_Task to complete_
Where a picture occurs in the data, omit it, and copy all remaining data exactly.

_Given material_
☆ ☆ ☆ ☆ ☆
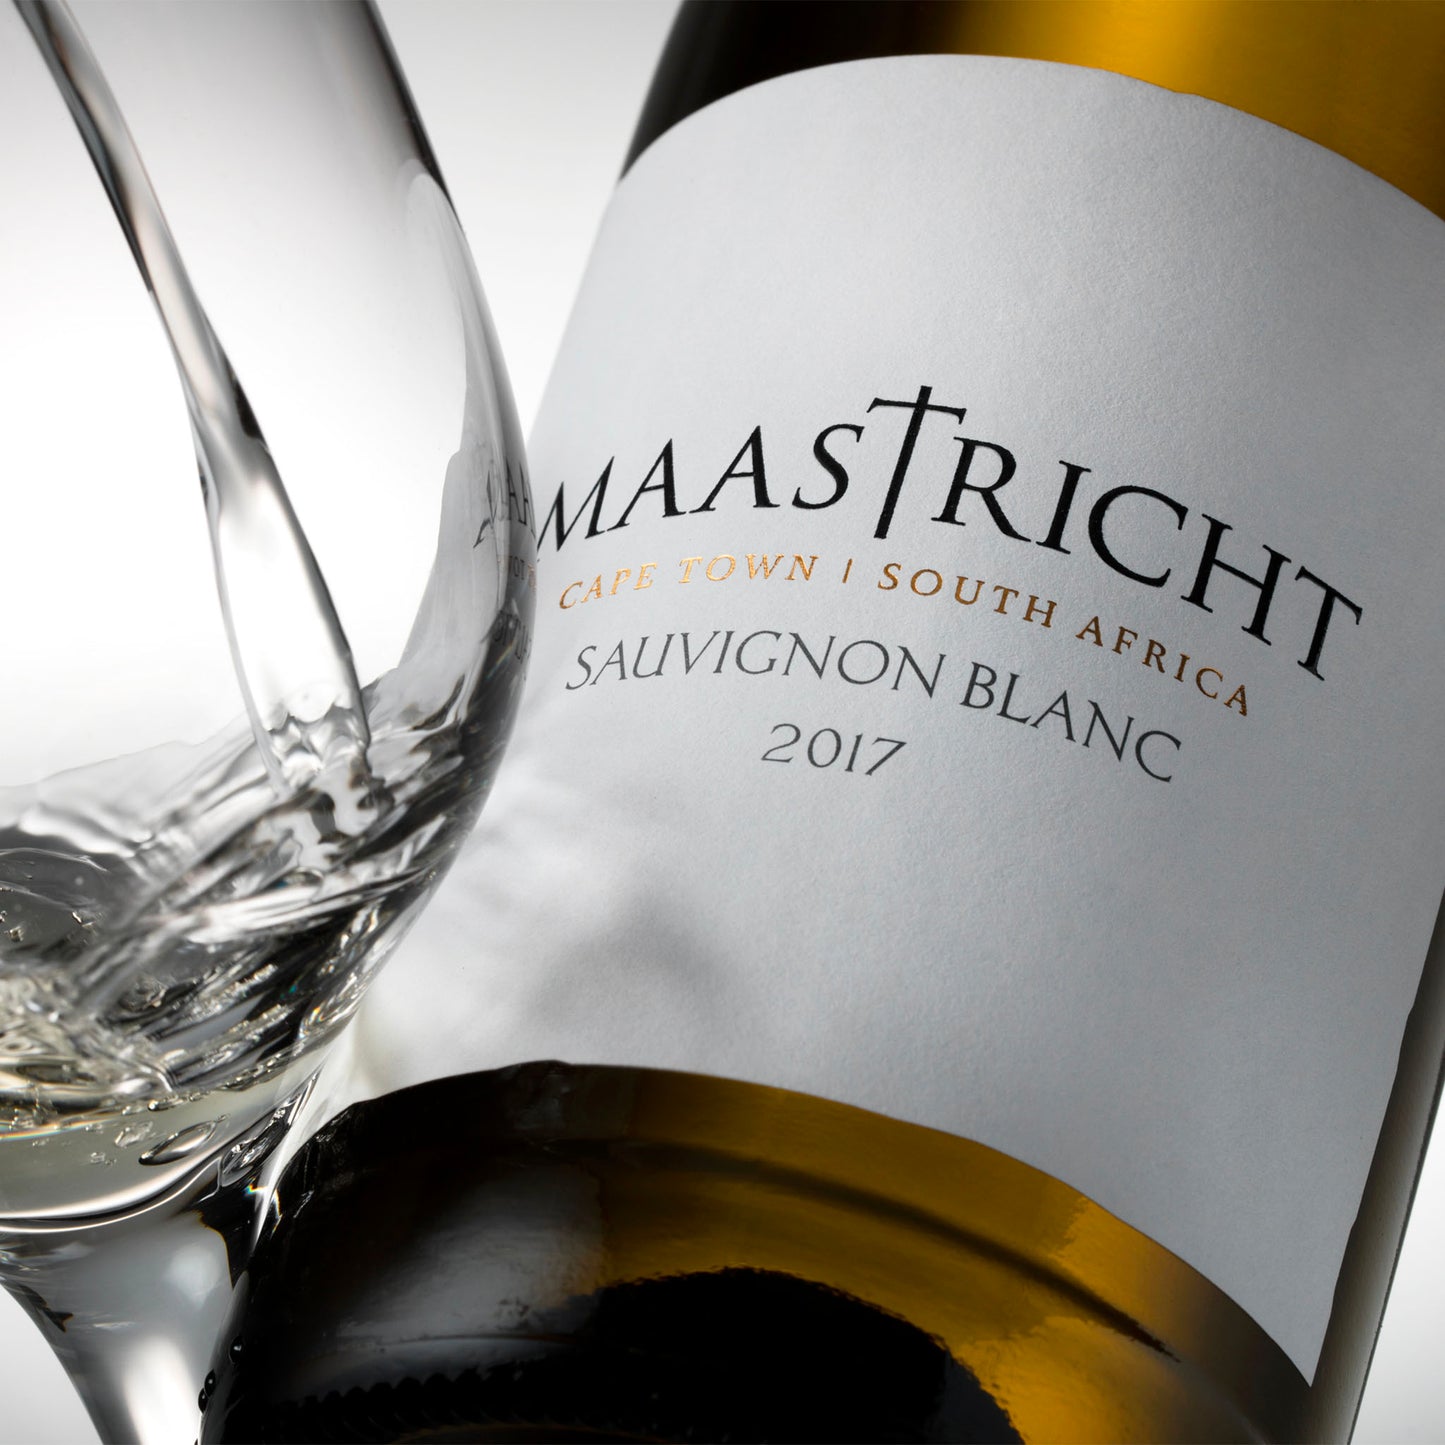 Maastricht Sauvignon Blanc
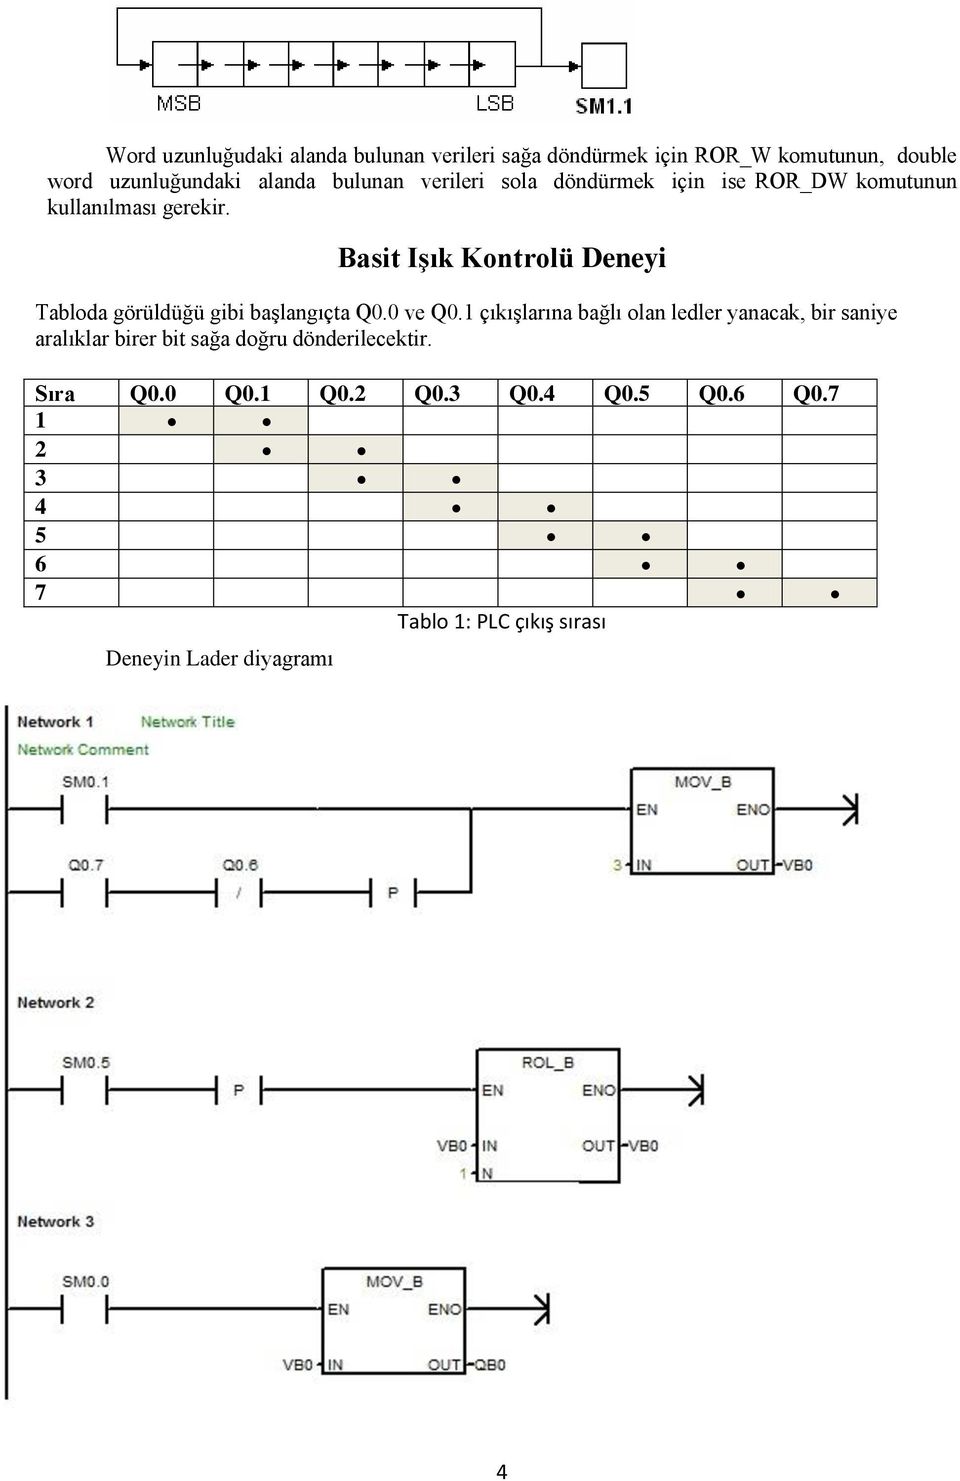 Basit Işık Kontrolü Deneyi Tabloda görüldüğü gibi başlangıçta Q0.0 ve Q0.
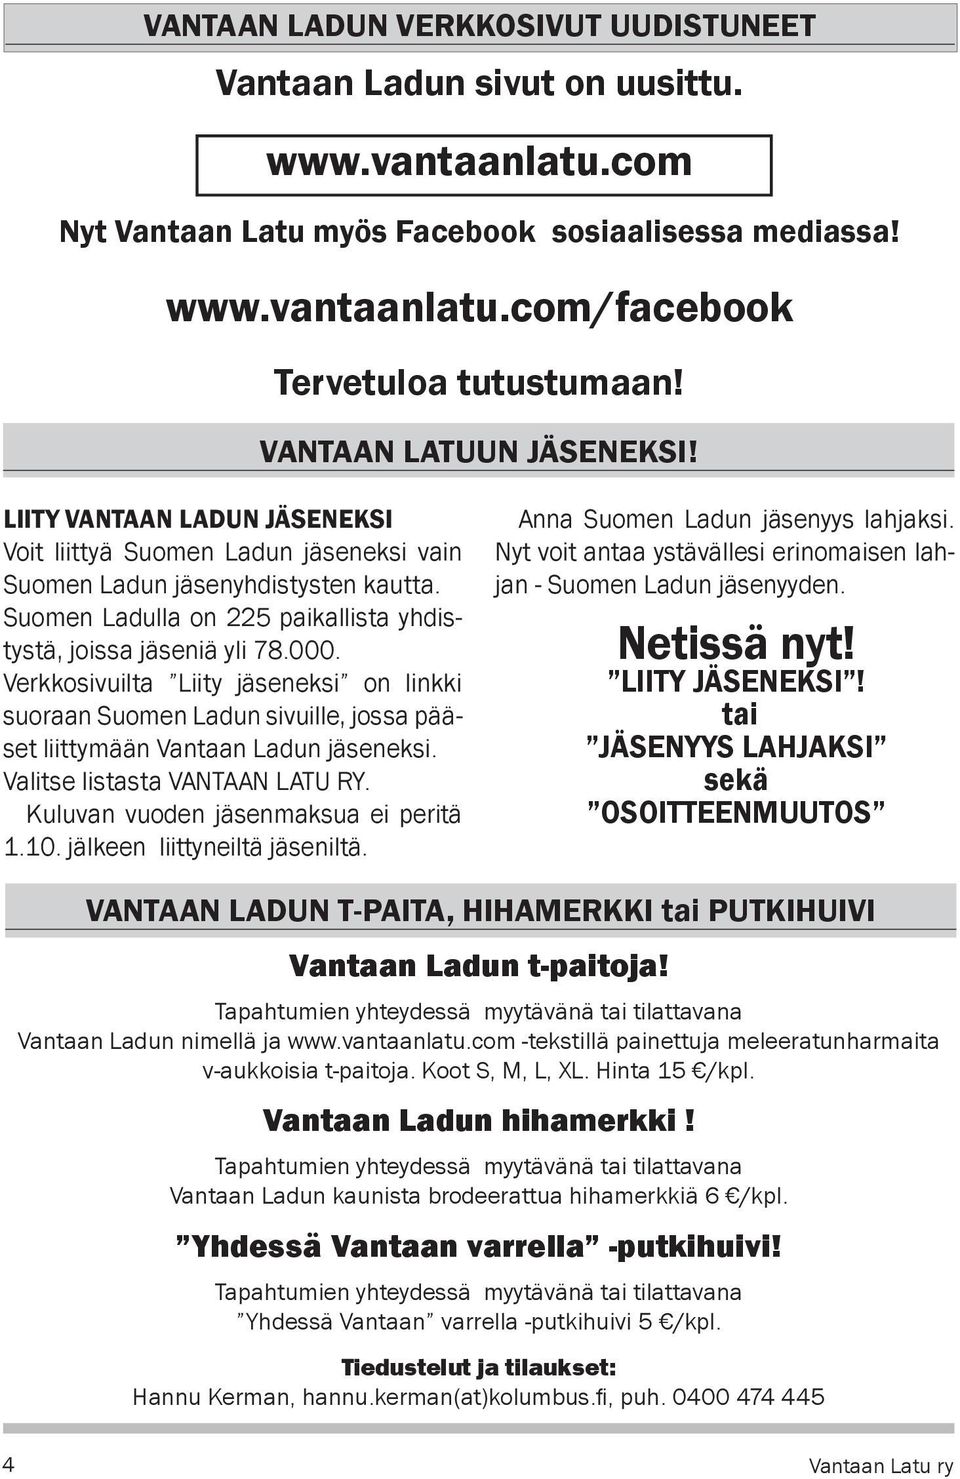 Suomen Ladulla on 225 paikallista yhdistystä, joissa jäseniä yli 78.000. Verkkosivuilta Liity jäseneksi on linkki suoraan Suomen Ladun sivuille, jossa pääset liittymään Vantaan Ladun jäseneksi.
☆ ☆ ☆ ☆ ☆
_Task response_
 Maastricht Sauvignon Blanc
 Basit Işık Kontrolü Deneyi Tabloda görüldüğü gibi başlangıçta Q0.0 ve Q0.
 Suomen Ladulla on 225 paikallista yhdistystä, joissa jäseniä yli 78.000. Verkkosivuilta Liity jäseneksi on linkki suoraan Suomen Ladun sivuille, jossa pääset liittymään Vantaan Ladun jäseneksi.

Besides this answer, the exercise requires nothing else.